Dettaglio della «Ichonographiam Campi Martii antique urbis» di Giovanni Battista Piranesi: la pianta di questo edificio della Roma imperiale presenta una pianta “a croce celta” – Piranesi Giovanni Battista, Campus Martius antiquae urbis, Roma 1762 – (immagine tratta da Padovan Gianluca, Milano Celta: le tre fortezze, Lo Scarabeo Editrice in Milano, Milano 2014, fig. 4.6).

In primo luogo le indagini vanno a smentire l’affermazione di Polibio secondo cui «Tutti i Celti abitavano in villaggi non fortificati e privi di ogni mezzo di vita civile».

Milano, o «Mediolanodunon», come la chiama l’Autore, era la capitale politica e religiosa dei Celti Insubri, i quali ricevettero pacificamente la grande migrazione di genti appartenenti ad altre popolazioni celte d’oltralpe: Ambarri, Arverni, Aulerci, Biturigi, Carnuti, Edui, Sènoni, guidati da Belloveso. E così la città fortificata e cinta da canali, già più grande di quanto storici e archeologi abbiano ipotizzato, s’ampliò ulteriormente. E le due fortezze celte divennero tre, dando alla città un aspetto assai articolato e ben definito.
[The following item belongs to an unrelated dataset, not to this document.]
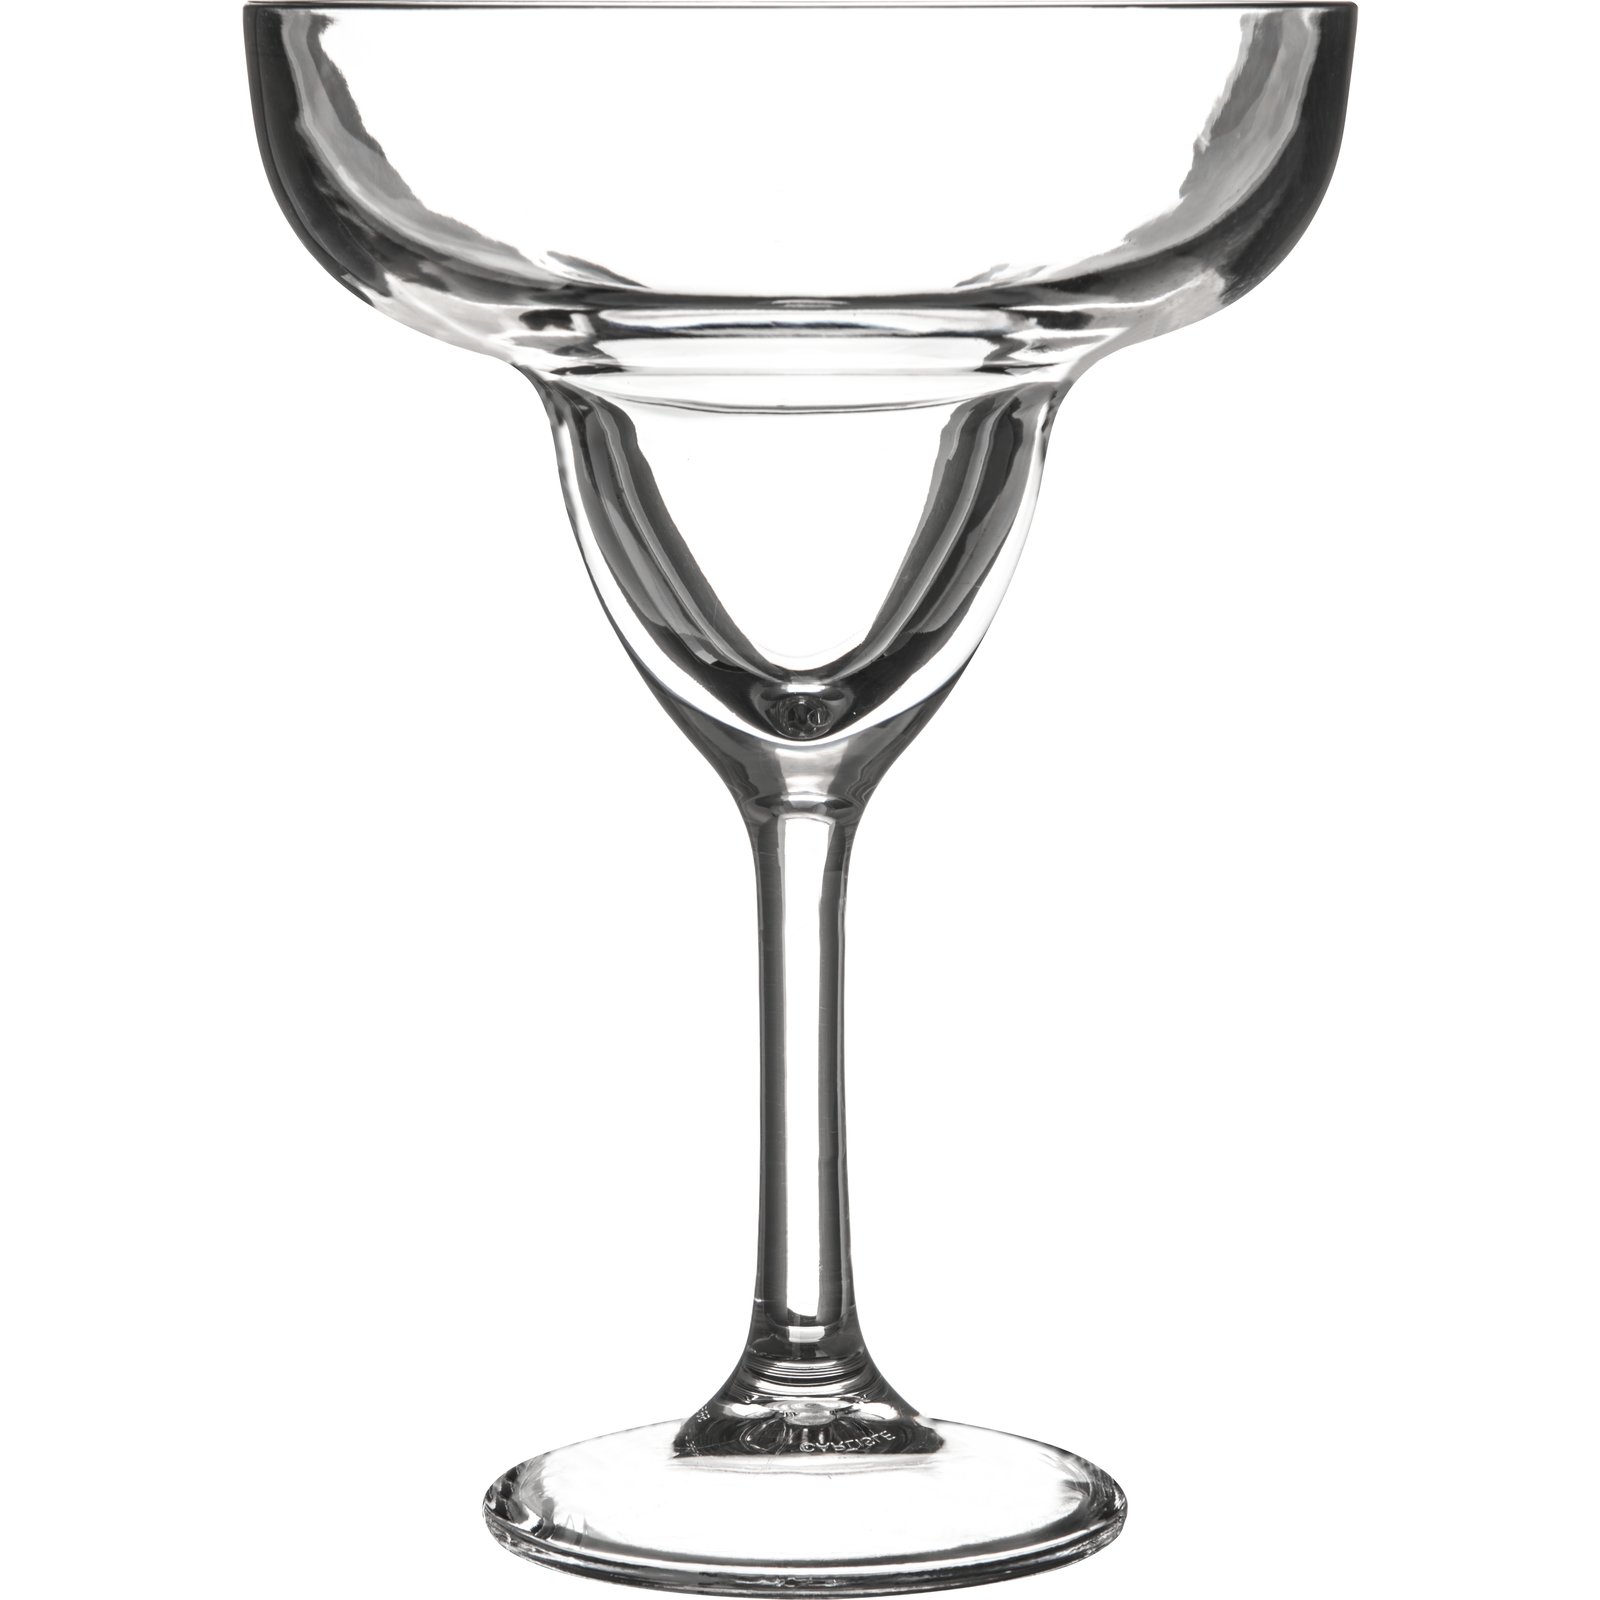 ❤️ NEW 4 Corelle WHITE LACE / COLONIAL MIST 16-oz TUMBLER GLASSES Flor –  Tarlton Place

In epoca romana la si fortificò, ma cingendo di mura solo il suo nucleo più interno. In ogni caso, a ben vedere, già qualcheduno in passato parlò dell’esistenza di due cinte, una terrapienata esterna e l’altra in muratura interna, ma nel corso del tempo se ne sono ignorate le parole. Almeno fino ad oggi.
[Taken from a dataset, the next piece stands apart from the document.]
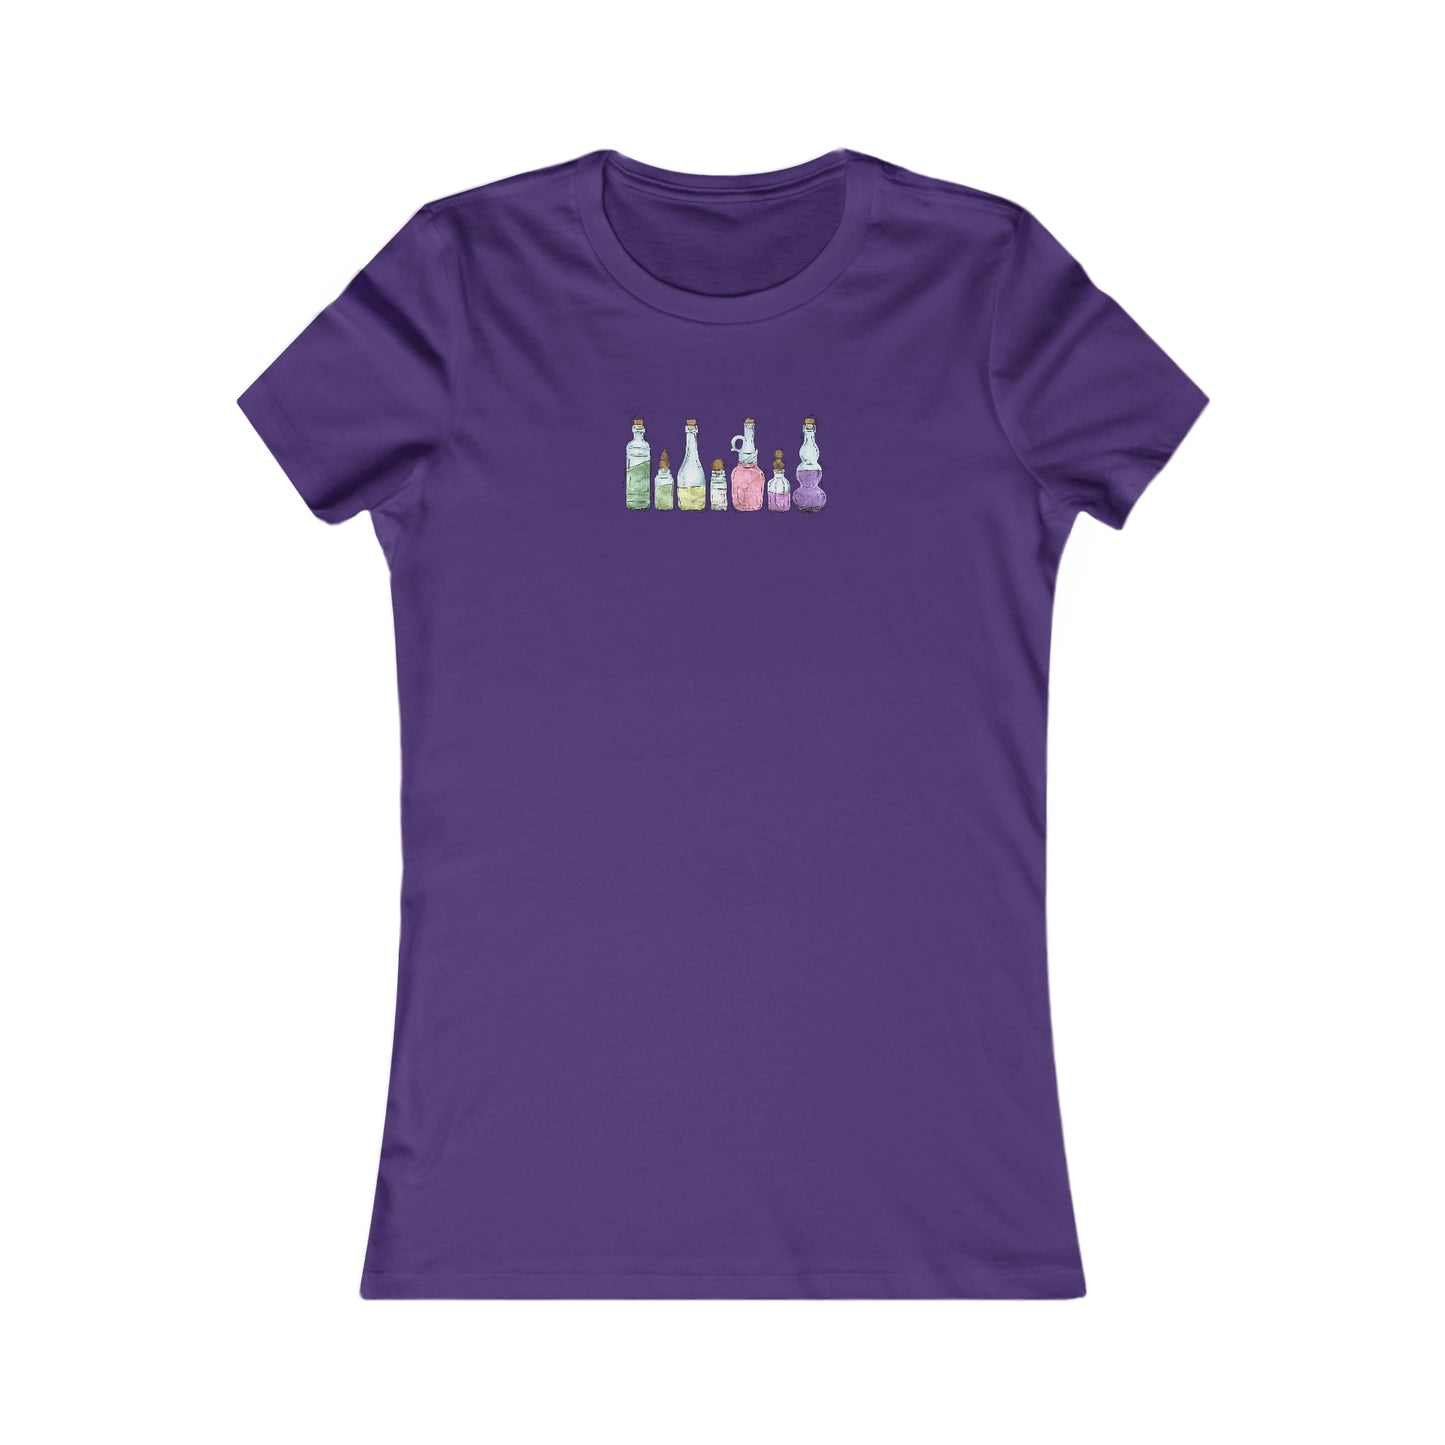 Genderfae Pride Flag Potion Bottles - Women's T-Shirt

Nella sintesi si riesamina il sistema dei canali e dei Navigli interni, identificati come opera insediativa e difensiva celta riutilizzata fino al medioevo, ampliando il discorso con testi e immagini relativi alle fortificazioni, o dùn, di Baggio e Niguarda, Comuni autonomi assorbiti dall’espansione metropolitana.

Ma si parla anche di una delle più grandi miniere d’oro a cielo aperto del mondo, quella coltivata dalle popolazioni celte tra Vercelli, Biella e fino alle terre dei Salassi. Questi popoli furono veri maestri d’idraulica, tant’è che parlando dell’opera d’estrazione Plinio il Vecchio scrisse: «sembra quasi superare le imprese dei Giganti».

Nel lavoro di ricerca si confrontano studi di architettura fortificata, di archeologia, di archeoastronomia condotti in Italia e in Europa, con l’esame di cartografie storiche, moderne, foto aeree, ricostruzioni grafiche e immagini di monumenti. Da ciò emerge come la cosiddetta “croce celtica”, meglio e più correttamente indicabile come “croce celta”, la si ritrovi chiaramente in molte fortificazioni nordiche, ma non solo.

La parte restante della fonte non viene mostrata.